遠位尿細管から集められた尿がさらに濃縮され、集合管で最終的な尿として腎盂(腎盤)に運ばれます。
このネフロンは以下に挙げる機能を持っています。
まずはろ過です。
血液が糸球体を通過する際に、血液中の水分や小さな分子がボーマン嚢にろ過されますが、大きな分子や細胞成分は糸球体を通過せずに血液中に残ります。
つぎに再吸収です。
近位尿細管やヘンレのループ、遠位尿細管で、一時的に尿に含まれた水分や重要なイオン、栄養素が再吸収され、体内に戻ります。
そして尿細管での分泌では、不要な物質や過剰なイオンが血液から尿へ分泌されます。
最後に排泄です。
最終的な尿が集合管を通じて腎盂に集められ、尿管を通じて膀胱に運ばれ、体外へ排出されます。
腎臓の遺伝性疾患
腎臓の疾患は、時に腎臓移植を必要とすることがあります。
その疾患の中に遺伝性の腎疾患も含まれ、この疾患は健康管理だけでは防ぐことができないものがあります。
遺伝性腎臓病は、遺伝子の異常によって引き起こされる腎臓の疾患群を指しますが、これらの疾患は家族内で遺伝し、様々な形で腎機能に影響を及ぼすことがあります。
以下に主な遺伝性腎臓病の種類とその特徴を説明します。
多発性嚢胞腎(PKD: Polycystic Kidney Disease)は2つの疾患に分類されます。
まず常染色体優性多発性嚢胞腎(ADPKD)です。
最も一般的な遺伝性腎疾患で、腎臓に多数の嚢胞が形成され、腎機能が低下し、成人期に症状が現れることが多い疾患です。
そして稀ですが常染色体劣性多発性嚢胞腎(ARPKD)があります。
この疾患は幼少期に症状が現れることが多く、重篤な腎障害を引き起こします。
この2つの疾患の違いは、常染色体優性か常染色体劣性か、です。
アルポート症候群(Alport Syndrome)は、腎炎、聴覚障害、視覚障害を伴う疾患です。
遺伝子の異常により、腎臓の基底膜が正常に形成されないため、腎機能が徐々に低下します。
この疾患の遺伝形式は、X染色体連鎖優性遺伝、常染色体劣性遺伝、常染色体優性遺伝などがあります。
フィンランド型先天性ネフローゼ症候群(Congenital Nephrotic Syndrome of the Finnish Type)は、生後早期に大量のタンパク尿を引き起こし、腎不全に至る疾患です。
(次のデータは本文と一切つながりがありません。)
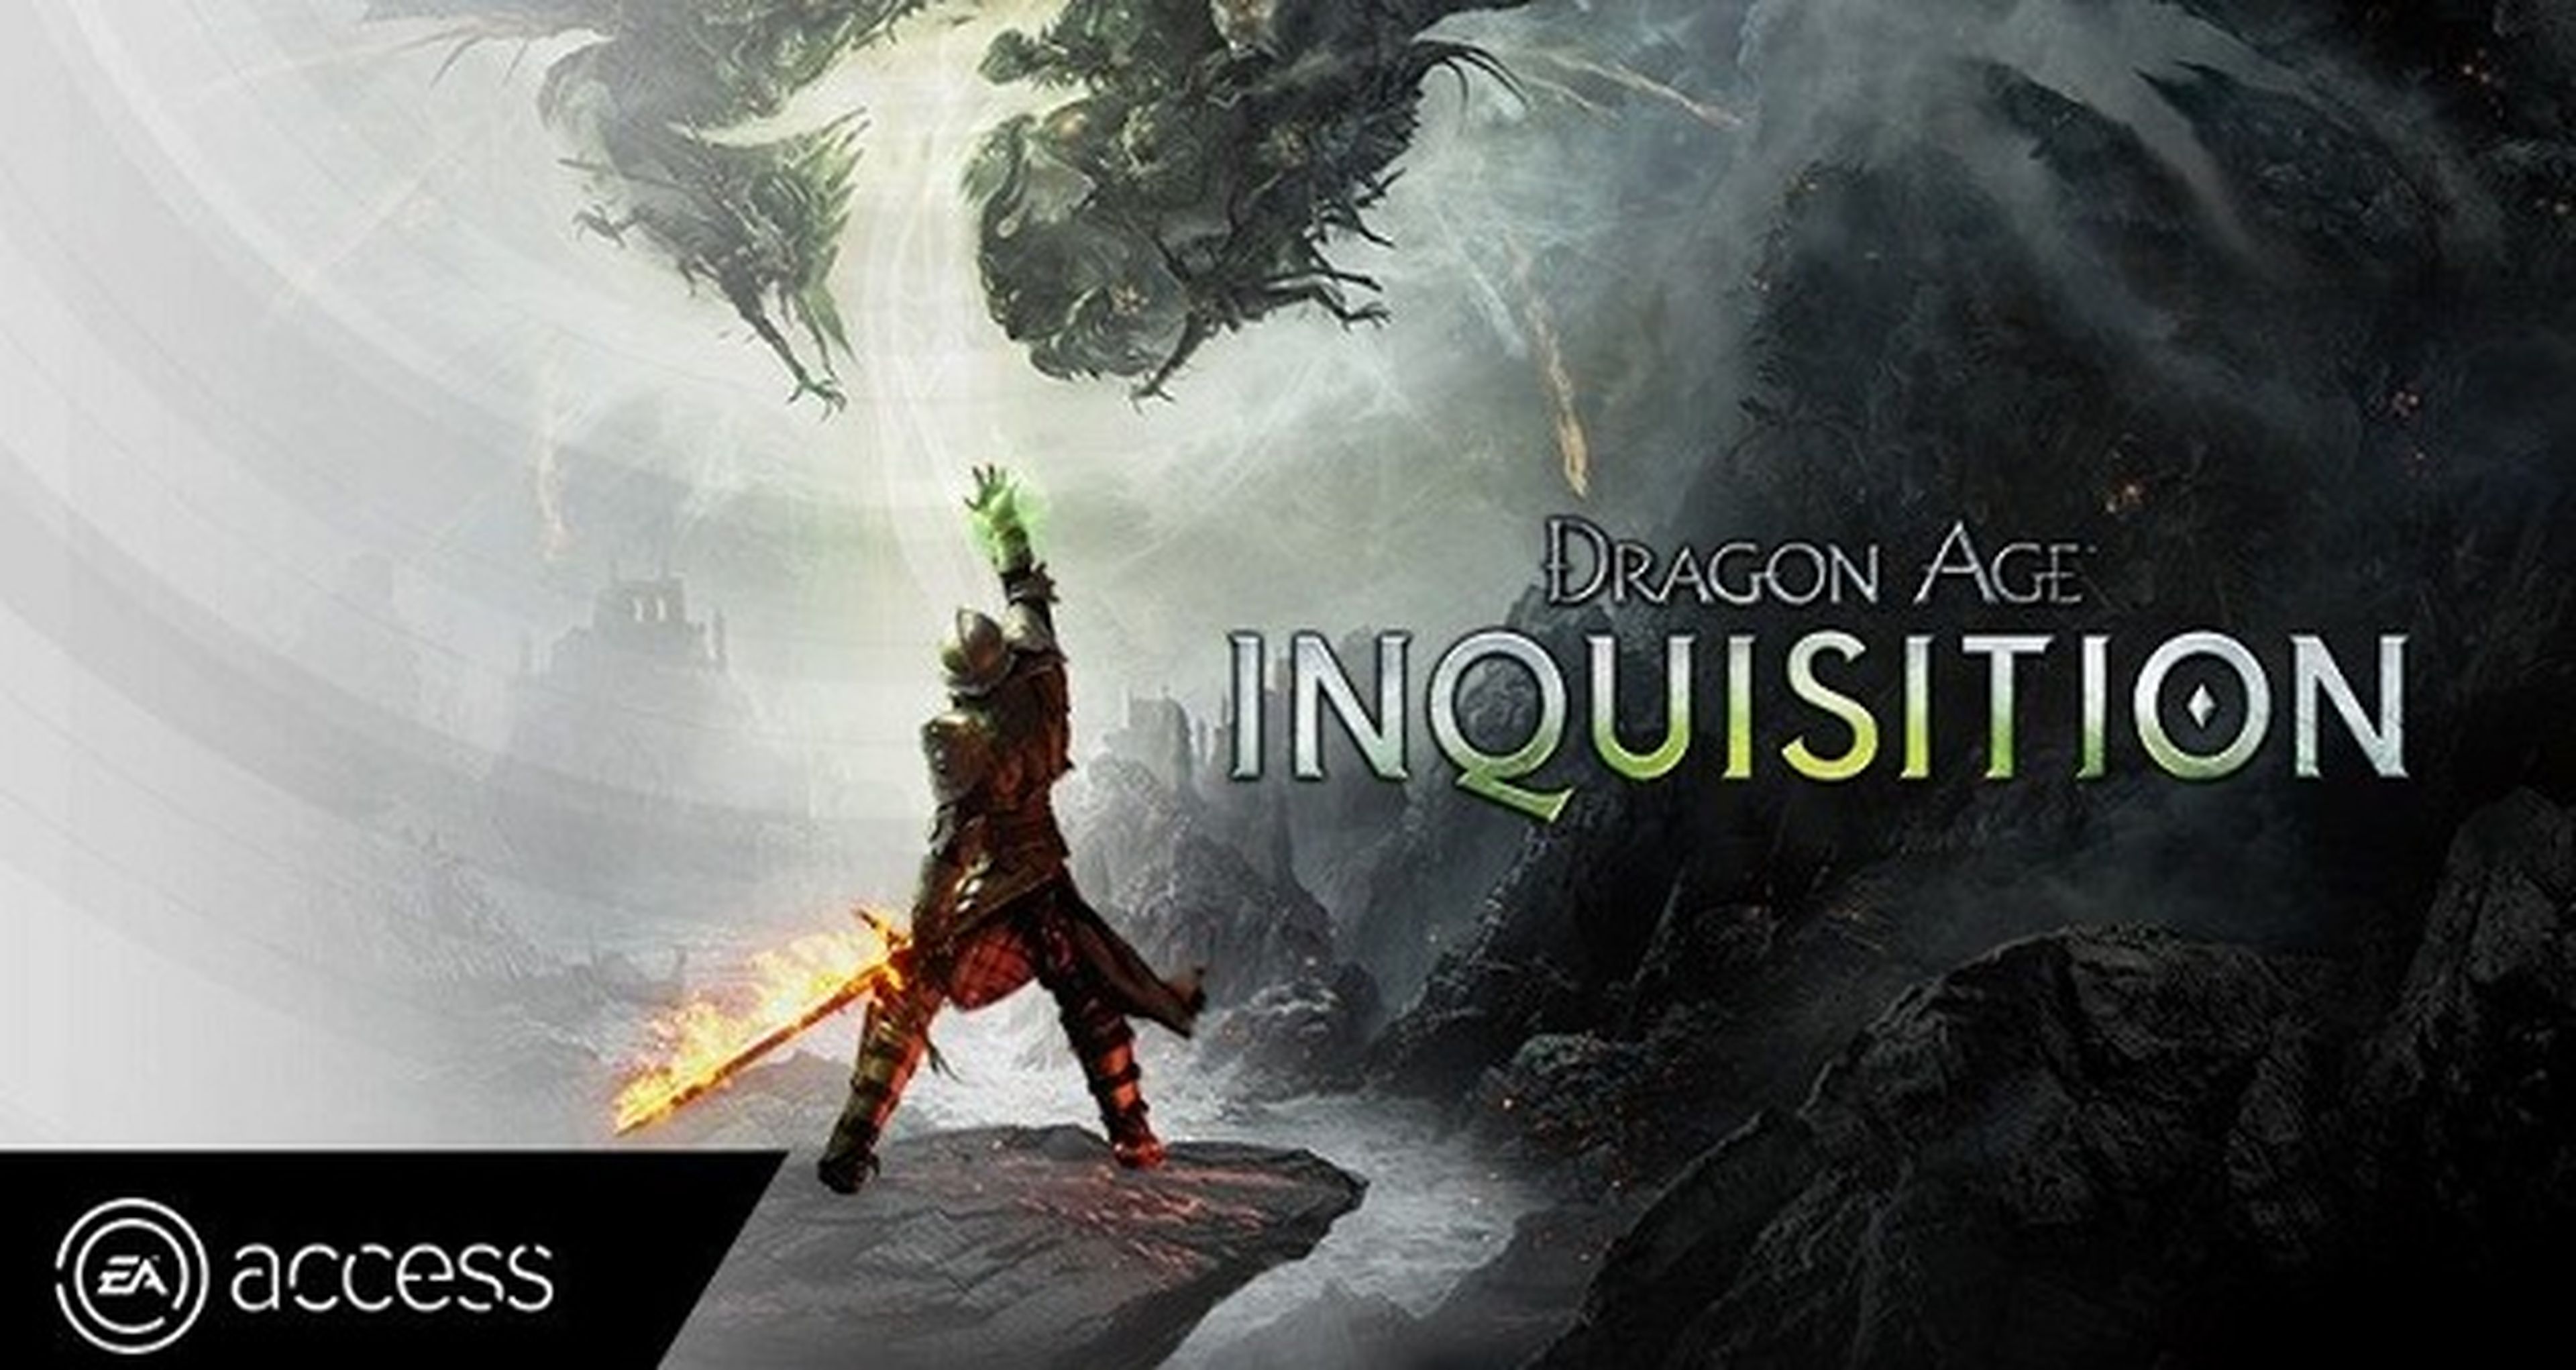 Dragon Age Inquisition ya tiene acceso anticipado en EA Access

主にフィンランドで見られる常染色体劣性遺伝の遺伝病です。
その他にも、α-ガラクトシダーゼA酵素の欠乏により、グロボトリアオシルセラミドが蓄積し、腎機能障害や心血管障害、皮膚の症状が現れるファブリー病(Fabry Disease)、低分子タンパク尿、腎結石、腎不全を引き起こすデンシティン遺伝性腎症(Dent Disease)、そして補体システムの異常により、腎臓の糸球体に炎症が生じ、腎機能が低下する低補体血性膜性腎症(Complement-Related Membranoproliferative Glomerulonephritis)がよく知られています。
若年性ネフロン癆
そして今回の研究のテーマである若年性ネフロン癆も遺伝性腎疾患の1つです。
この疾患は、腎臓のネフロン(腎単位)が正常に機能しなくなることで引き起こされる遺伝性の腎疾患で、特に若年層において発症しやすいとされています。
多くの場合、家族歴があることが多く、常染色体劣性遺伝または常染色体優性遺伝によって引き起こされます。
そして病気が進行するにつれて腎機能が低下し、最終的には腎不全に至ることがあります。
症状としては、尿の量が異常に多くなる、夜間に頻繁に尿意を感じるから始まり、体が水分を保持できなくなるため、脱水状態に陥りやすくなります。
さらに血中のカリウム濃度が低くなる低カリウム血症が起こり、骨密度の低下や骨の変形が見られることがあります。
現時点でこの疾患は、早期診断と適切な管理が重要とされています。
つまり、根本的な治療が不十分なために、早期発見、発症後の健康管理に頼らざるを得ないのが現状です。
今回の研究で、若年性ネフロン癆の患者から作られたiPS細胞を利用して、その病態を培養皿上で再現することに成功したということは、若年性ネフロン癆の分子メカニズムを研究するツールが確立されたということになります。
今後、この確立された方法で作成された細胞が、若年性ネフロン癆の分子メカニズムの解析に使われる事で、疾患の理解に大きな貢献をすると期待されます。